In die Jugularvene, die Halsschlagader und die Trachea wurden Katheter
(Deseret Intracath® Vialon® Polymerharz
Radiopaque Katheter (Deseret Medical, Inc., Sandy, UT) 22GA und
19 GA, und PE Schläuche
260) für
die Wirkstoffverabreichung, Blutdruckmessung und Beatmung eingebracht.

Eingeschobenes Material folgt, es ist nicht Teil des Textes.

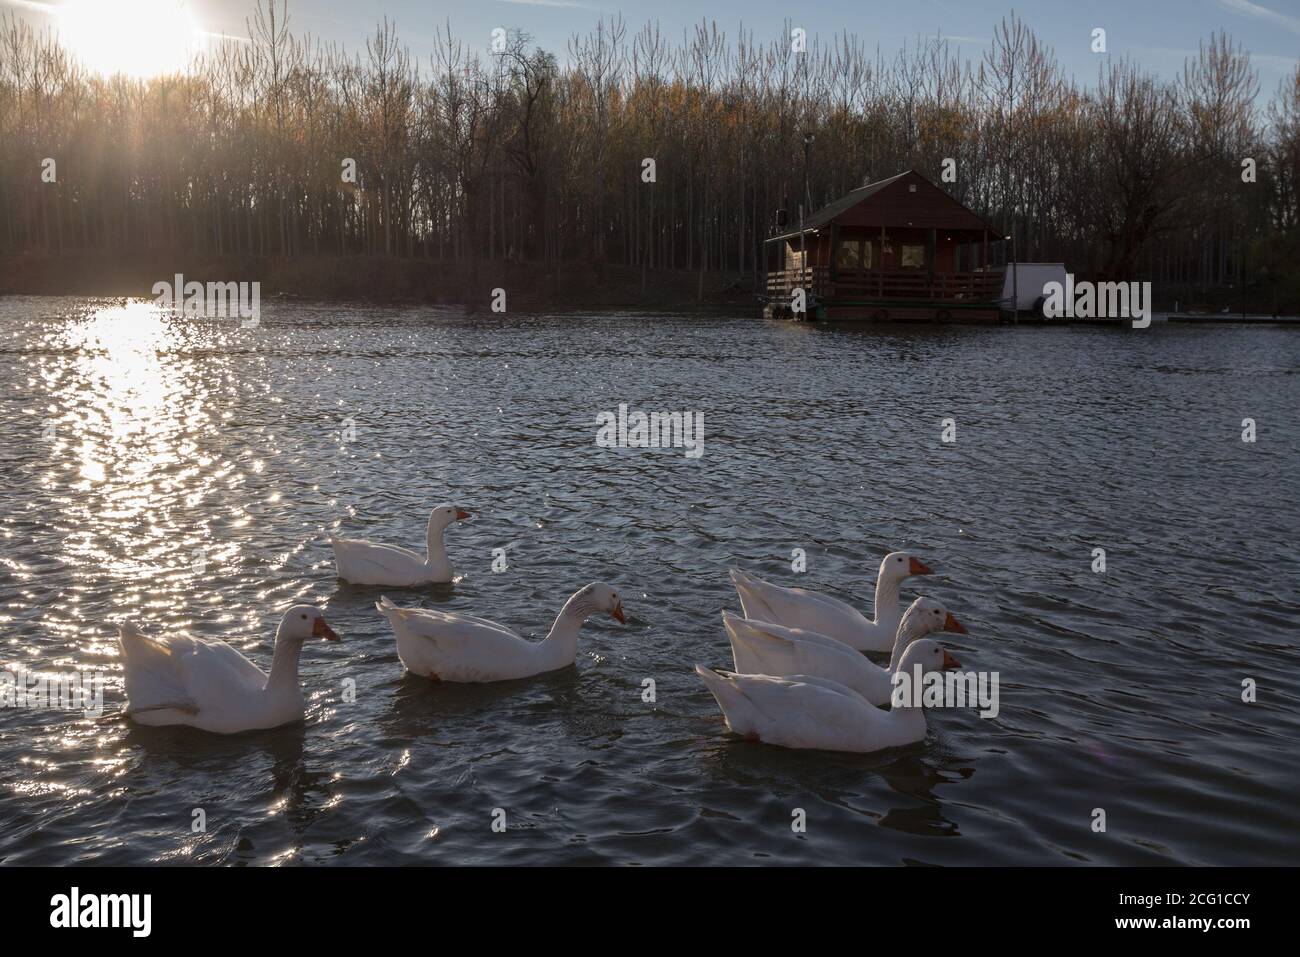 Groupe de canards blancs natation sur la rivière Cédric Deniaud Reka dans le centre-ville de Pancevo, une des plus grandes villes de la région de Banat, en Voïvodine, Serbe Banque D'Images

Es wurde eine bilaterale Vagotomie durchgeführt, um die cholinergische
Störung
zu minimieren. Die Tiere wurden betäubt (Pancuroniumbromid, 0,1
mg/kg i.v.) und mit einem Harvard Rodent Respirator (Modell 683,
Harvard Apparatus, South Natick, MA) beatmet (45 Atemzüge/Min.).
Druckänderungen
im Atmungsweg wurden mittels eines Seitenarms des Trachea-Katheters
mit einem Elcomatic-Transducer
(Buxco Electronics, Sharon, CT) gemessen. Das Atmungsvolumen wurde
so eingestellt, daß.
im Seitenarm ein Druck von 8 cm H2O erzeugt
wurde (ca 5 cc Raumluft). Der Blutdruck wurde mit einem Statham
P23XL Physical Pressure Transducer (Viggo-Spectramed, Oxnard, CA) gemessen. Der Druck
wurde mit einem Grass Modell 7D Polygraph (Grass Instrument Co.,
Qincy, MA) aufgezeichnet. Die Tiere wurden während des Experiments auf einem
Wärmetisch
warmgehalten, um die Körpertemperatur
aufrechtzuerhalten.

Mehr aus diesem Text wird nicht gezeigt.